In the past one month, members of the district security committee have conducted numerous meetings with bar operators in Nansana to devise means of improving security within and around their premises, which are alleged to harbour wrong people at night, who later kill young women after sexually assaulting them.
During one of the meetings with bar operators recently, Mr Frank Mwesigwa, the Kampala Metropolitan police commander, said although engaging in prostitution is illegal, police have a duty to protect sex workers like other Ugandans.
“Such meetings are a result of the increased killings in the area of Nansana targeting young girls whom they say are prostitutes, but still we have the constitutional mandate to protect them too,” he said.
Wakiso District police commander Justus Tashobya said their preliminary investigations into the current spate of murders in the area have revealed that most of the victims are sex workers.
“From May 28 up to date, we have been investigating these murders and we have realised that most of the ladies who are being killed are sex workers from areas of Nansana, Namungoona, Kasubi, Nakulabye, among other areas,” he said in a telephone interview yesterday.
He added that seven suspects had been arrested at first, but six of them were released on the advice of the Director of Public Prosecutions and one was taken to court and remanded to Kigo prison.
“But the Inspector General of Police, Gen Kale Kayihura, advised us to re-arrest them to help us in our investigations and about three of them are in our custody, while the other three are still on the run,” he added.
Mr Tashobya said on July 4, police raided places where sex workers ply their trade in Nansana and arrested more seven suspects. “Six were taken to Nalufenya Police Detention Centre for more interrogations,” he revealed.
In the alternative, Mr Kyeyune suggested that if Nansana Municipal Council authorities cannot make a by-law authorising sex workers to operate in an area, then bar operators should allow them operate freely inside their bars instead of them standing outside, a scenario he said puts their lives in danger.
“If they are prostitutes as they say and they operate outside bars, then we need to strengthen security outside bars to reduce the rampant killing of girls which has caused tension in the district,” the RDC suggested.
According to Mr Nsereko Wakayima , the Nansana Municipality MP, the recurrent killings in the area cannot single-handedly be contained by police and local leaders and urged residents to be vigilant.
“In just two months, we have lost more than 10 young women, who were killed after being raped.
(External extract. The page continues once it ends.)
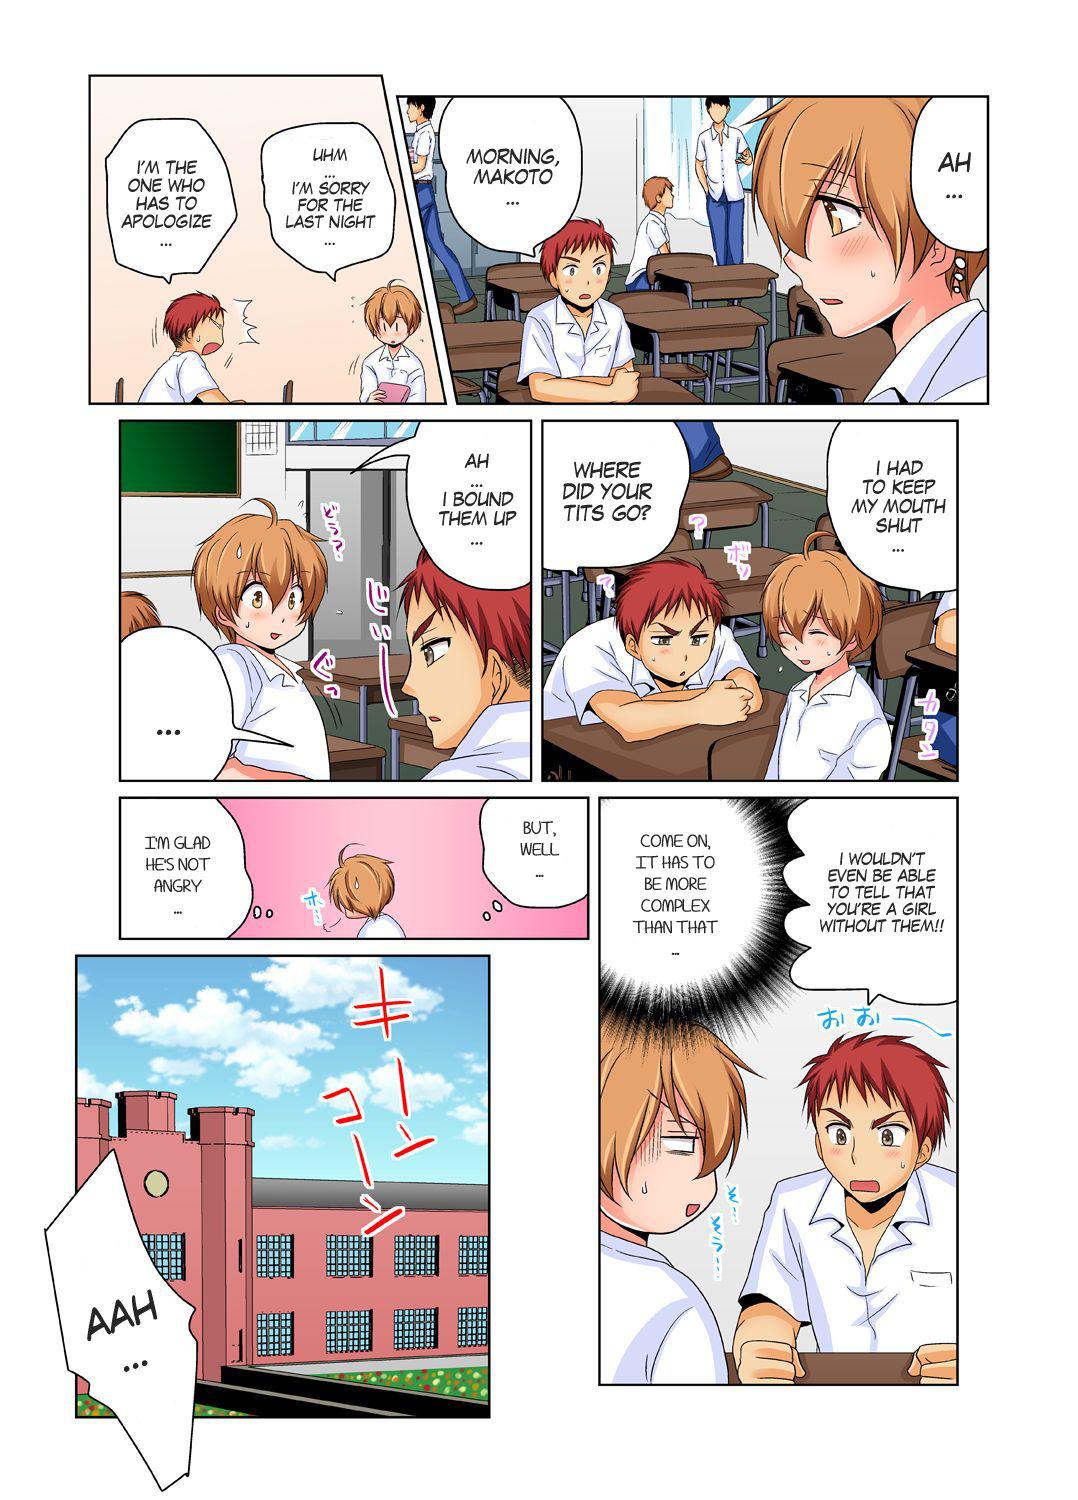 Innocent Nyotaika de Ecchi Kenshin!? Mirudake tte Itta no ni... 2 | Gender Bender Into Sexy Medical Examination! You said that you were only going to look... 2 Girls - Page 4

This unprecedented surge in recorded incidents of killing young girls could be a result of increased drug abuse among the youth in the area, which police have to fight head-on,” he said.
Last week, Gen Kayihura visited the area and promised that police would soon crackdown the criminals.
“One of the strategies we are employing is to revive the Mayumba Kumi (Ten Cell system) to help strengthen neighbourhood watch and I am hopeful this will register some success in our surveillance system,” he said.